Schistosoma, the avian and mammalian blood flukes, is the best studied genus of Schistosomatidae . Several species are described, six of which infect humans causing schistosomiasis: S. haematobium, S. intercalatum, S. japonicum, S. malayensis, S. mansoni, and S. mekongi. Other species are known to infect a broad range of mammals such as hippopotamus, rodents, carnivores, and ruminant animals like buffalo, cattle, goat, lechwe, and sheep. Some hybrid species are reported [1–4]. For example, S. mattheei, more commonly found in cattle, is believed to form hybrids between S. mattheei and S. haematobium thus increasing its snail and definitive host range .
Schistosomiasis, a chronic and debilitating disease, is considered by the World Health Organization as one of the most serious public health issues and the second most prevalent tropical disease with high morbidity in the world . Schistosomiasis is endemic in 77 countries  and its transmission is dependent on the existence and distribution of intermediate hosts. It is estimated that 237 million people require treatment worldwide and that 600 to 779 million people live in endemic areas, under infection risk . Yet, exacerbating this scenario, this disease is responsible for the loss of 1.7 to 4.5 millions of years of life in the world, measured by disability-adjusted life years (DALY) , one of the highest indexes among all the neglected tropical diseases. Control of schistosomiasis represents a great challenge and it is based on drug treatment (Praziquantel), snail control, improved sanitation, and health education .
The development of powerful and scalable methods to analyse nucleic acids and proteins has changed the way biological data is surveyed. The application of such technologies, together with the development of powerful computational tools and methods, have expanded our perspective of schistosome biology and allowed a better understanding of processes such as host-parasite interaction [8–10].
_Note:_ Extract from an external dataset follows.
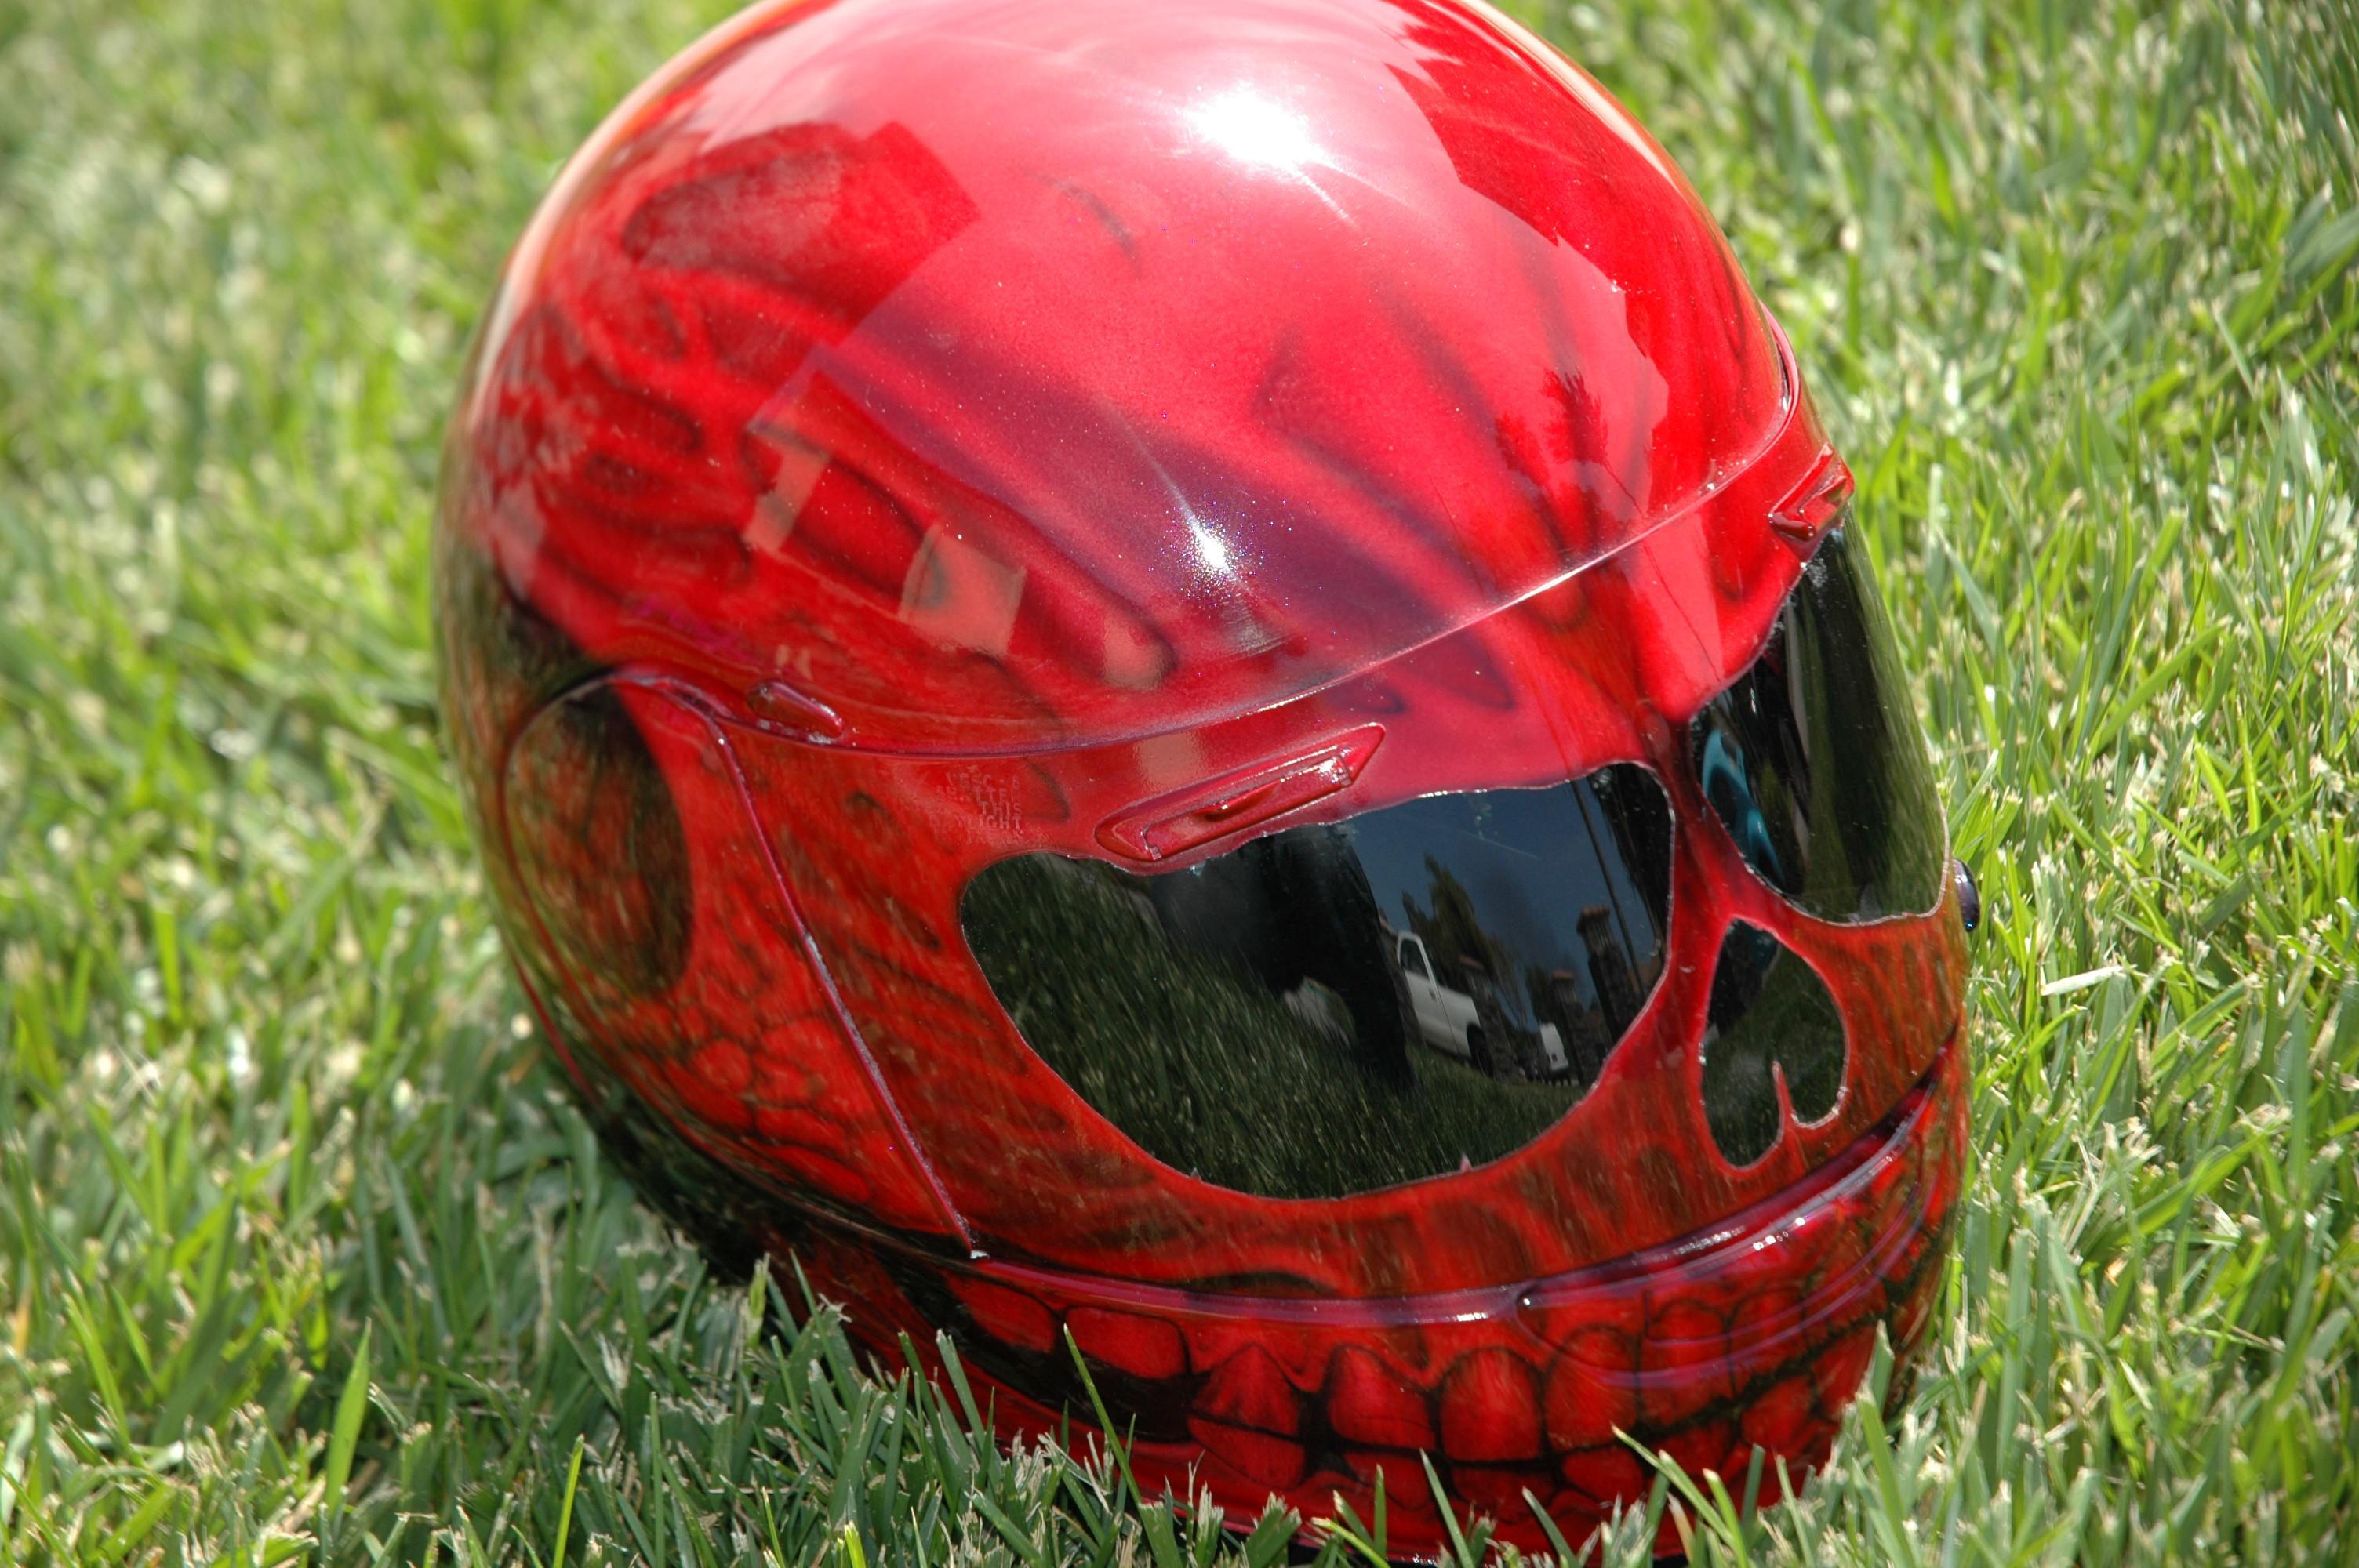 Custom Paint Motorcycle Helmet 3008 x 2000 · 1300 kB · jpeg

This paper aims to discuss some advances in schistosome research with emphasis on genomics and transcriptomics. First, we summarize the current status of sequencing projects of nuclear and mitochondrial genomes. We also discuss some aspects of evolutionary genomics and biodiversity of schistosomes. Then, we present key findings in transcriptomic analyses. Finally, we point out the main challenges of the current research and suggest some future directions in Schistosoma genomic and transcriptomic studies.
2. Schistosoma Genomics
In order to strengthen traditional methods and provide new information to improve success towards schistosomiasis control, the scientific community joined efforts to assess the Schistosoma genomic information, starting in 1994, as an initiative of WHO/TDR (UNICEF-UNDP-World Bank-WHO Special Programme for Research and Training in Tropical Diseases) [11, 12]. At that time, only a few hundred expressed sequence tags (ESTs) from S. mansoni were available . The WHO/TDR support opened the possibility to generate data that could be translated into new tools for schistosomiasis diagnostics and treatment, representing the “kickoff” of Schistosoma nuclear genome studies.
2.1. Nuclear Genomes
The nuclear genome of three Schistosoma species was sequenced (Table 1). The S. japonicum (Anhui isolate) and S. mansoni (Puerto Rico isolate) genomes were decoded and simultaneously published as an initiative of the Wellcome Trust Sanger Center Institute in collaboration with the Institute for Genomic Research (TIGR) and the Schistosoma japonicum Genome Sequencing and Functional Analysis Consortium [16, 17]. Recently, the S. haematobium (Egyptian isolate) genome was sequenced opening new possibilities in comparative genomics of schistosomes .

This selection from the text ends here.